We spent most of our last days on the island taking care of business, but we also had a chance to distribute homemade cookies to our new friends on the island (No-Bake Oatmeal Truffle cookies are good to make on a hot boat), eat dinner aboard Marionette, and get back in the water. Dallas used the dive gear to assist Markus in taking a look at his keel and took him on a quick dive below his boat. Meanwhile I went for a short snorkel and managed to see some really good stuff — a small green turtle, a poisonous lionfish (it looks like it has feathers shooting out from each side of its very slender black and white body), and a fish that was so intensely bright blue against a backdrop of muted pastel coral that it seemed like it was not supposed to be there. Apparently the coral is not as vibrant as it used to be there in the cove, but that’s hard to imagine. Along the edge near the wall of coral that runs around the west side of the cove, the bottom is totally covered with coral fans, brain coral, antler coral, etc.
As far as my recovery, I’m not quite 100%, but I’m getting there. I can eat soft foods now, which opens up many more options to please my variety-loving palate, but I still don’t have the energy or strength that I’m used to having. It doesn’t seem to affect my ability to sail too much, although I must admit that I haven’t been a very good cheerleader on this passage. We’ve had strong winds, big seas, and squalls right from the start. We’re flying along at over 6 knots using just the jib. It’s pretty rough compared to what we are used to here in the tropics — at times it feels like we’re getting tossed around like a mouse in the paws of a big cat. Not to mention that, as Dallas said, all of the time we’ve been spending on land lately has made us “soft”. Yesterday was the worst, as first days at sea usually are, but with this being the first leg of a very long passage to Madagascar, it seemed particularly overwhelming.

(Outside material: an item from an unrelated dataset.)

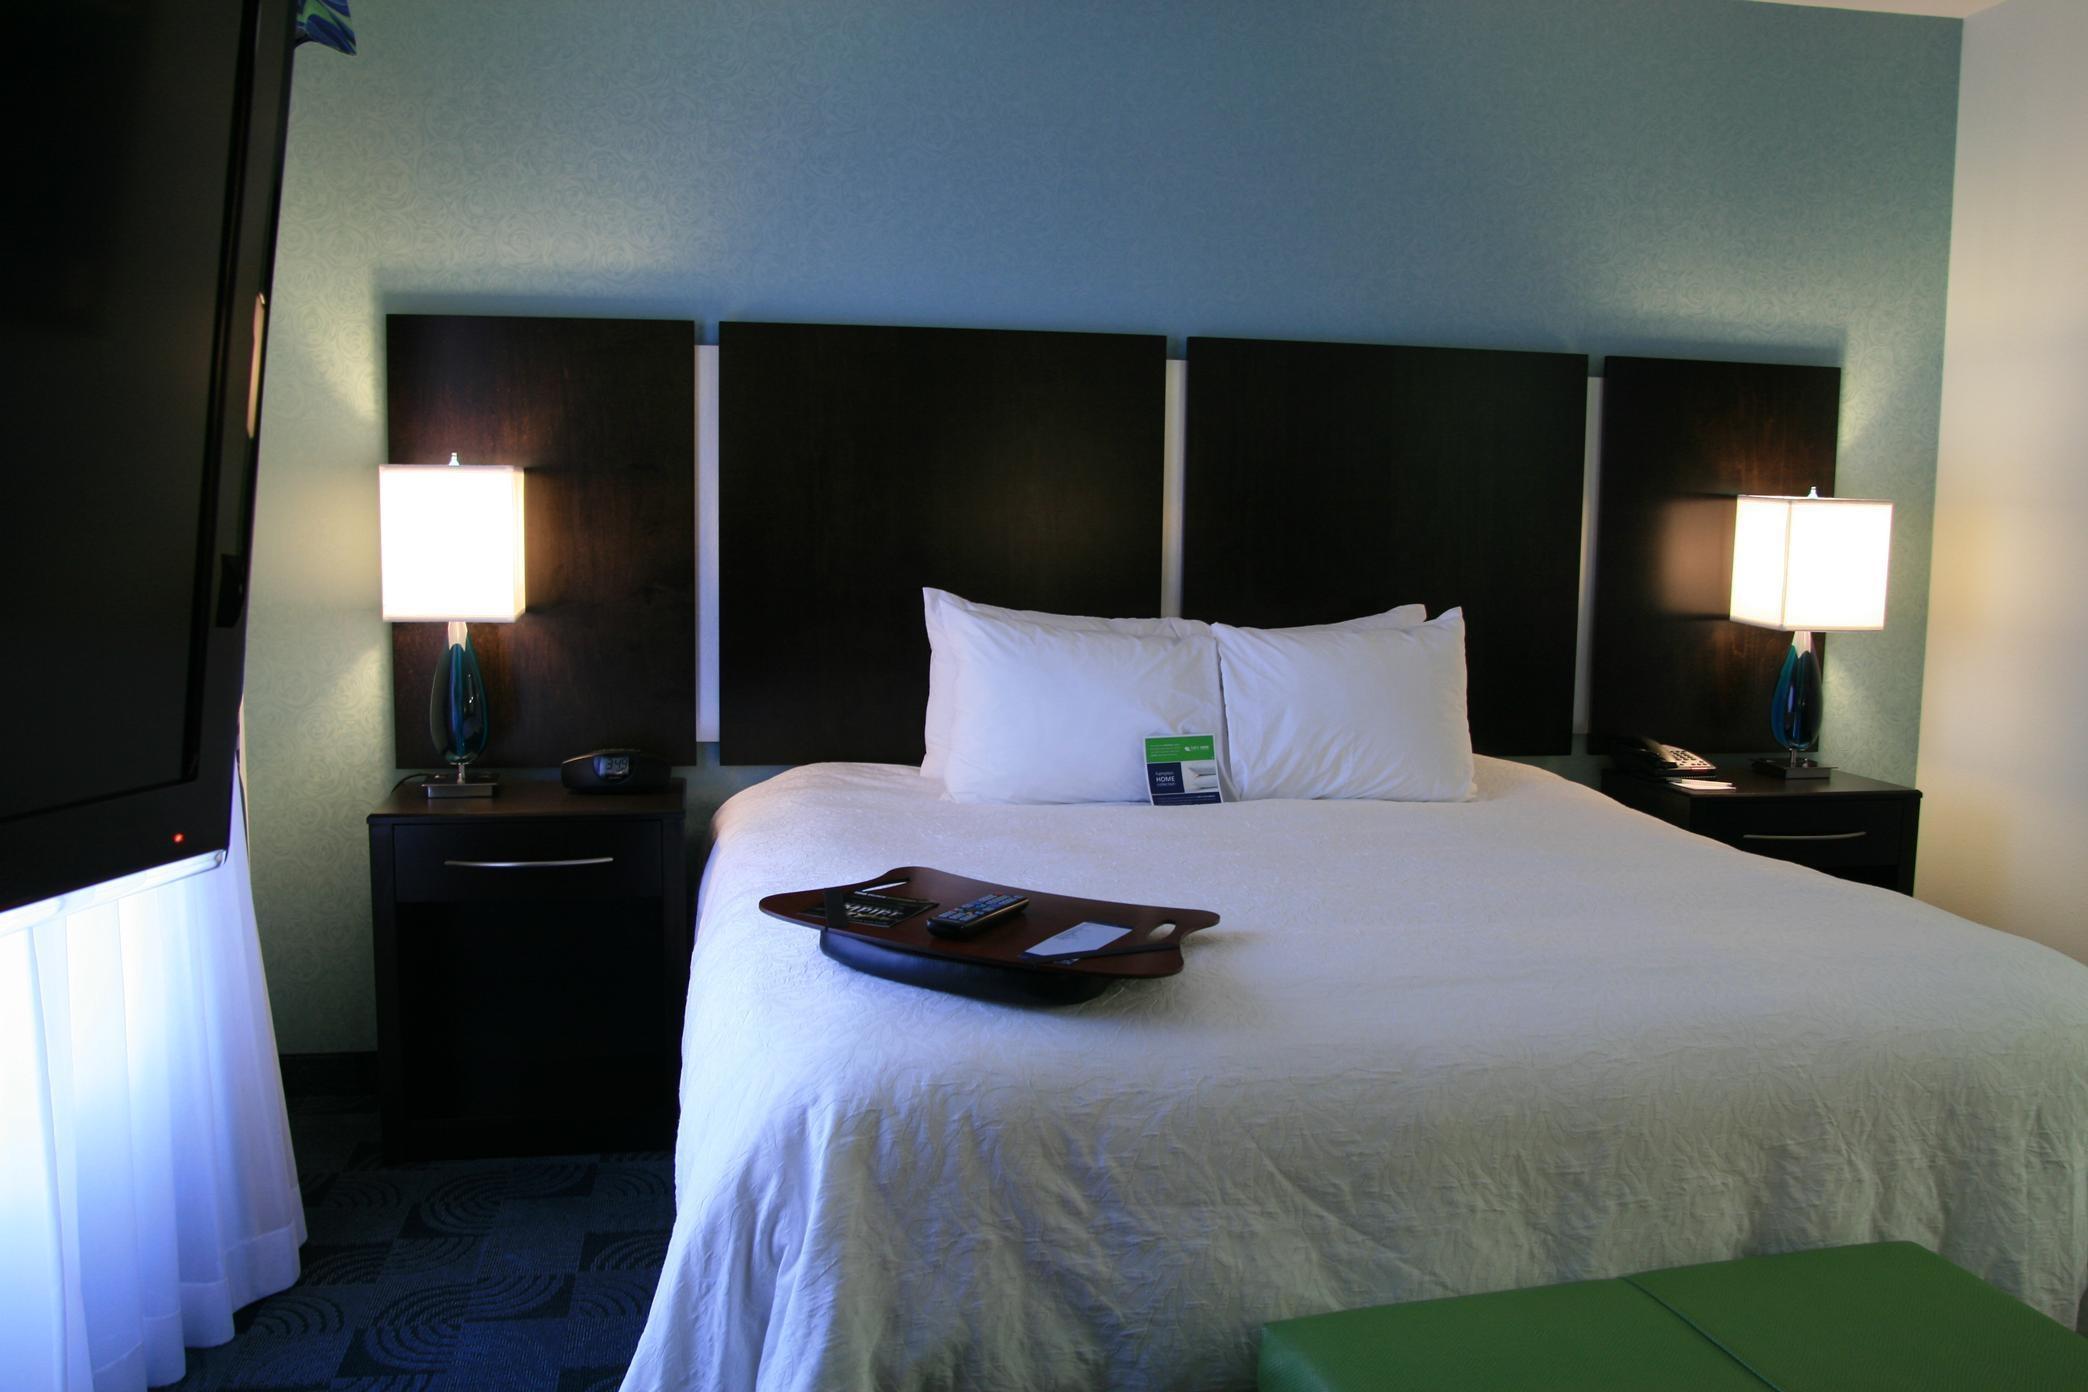 Hampton Inn & Suites Dallas/Lewisville-Vista Ridge Mall, TX image 19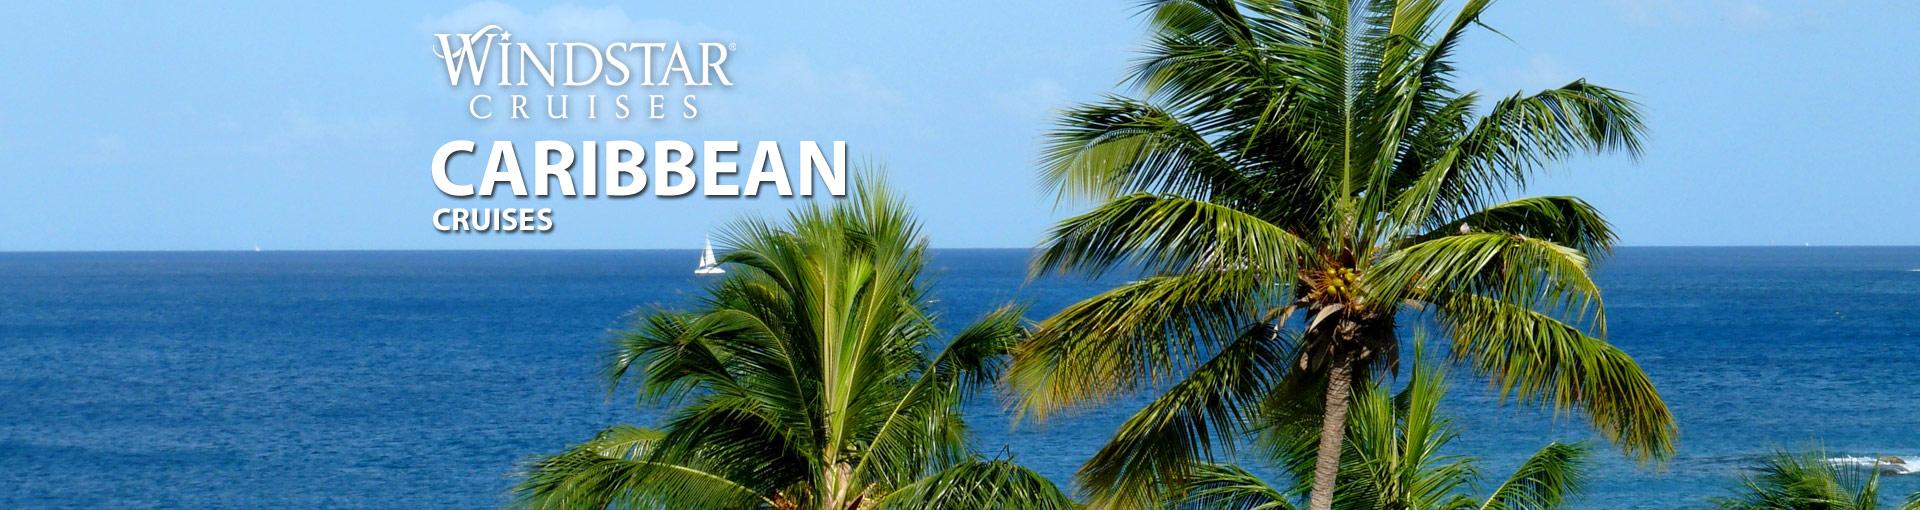 Windstar Caribbean Cruises

At the marine museum in Fremantle, we watched an interview with Jon Sanders, the Aussie who circumnavigated three times non-stop, spending over 600 consecutive days at sea. When asked how he handled it mentally, he stated that he did not allow himself to think negatively, he just focused on the next milestone. Well, neither Dallas, who’s feeling a bit sick from all the motion, nor me were too enthusiastic yesterday, but we didn’t get too negative (Ok, I was borderline) and are having a much better time of it today. We just finished a nice dinner of salad and alfredo pasta and listened to some international news on the SSB radio. We’ve also changed course to get on the rhumb line to Cocos Keeling Island and now have the seas on our stern quarter rather than the beam, which is more comfortable. The rain has eased up, and it’s looking like it might be a relatively clear night.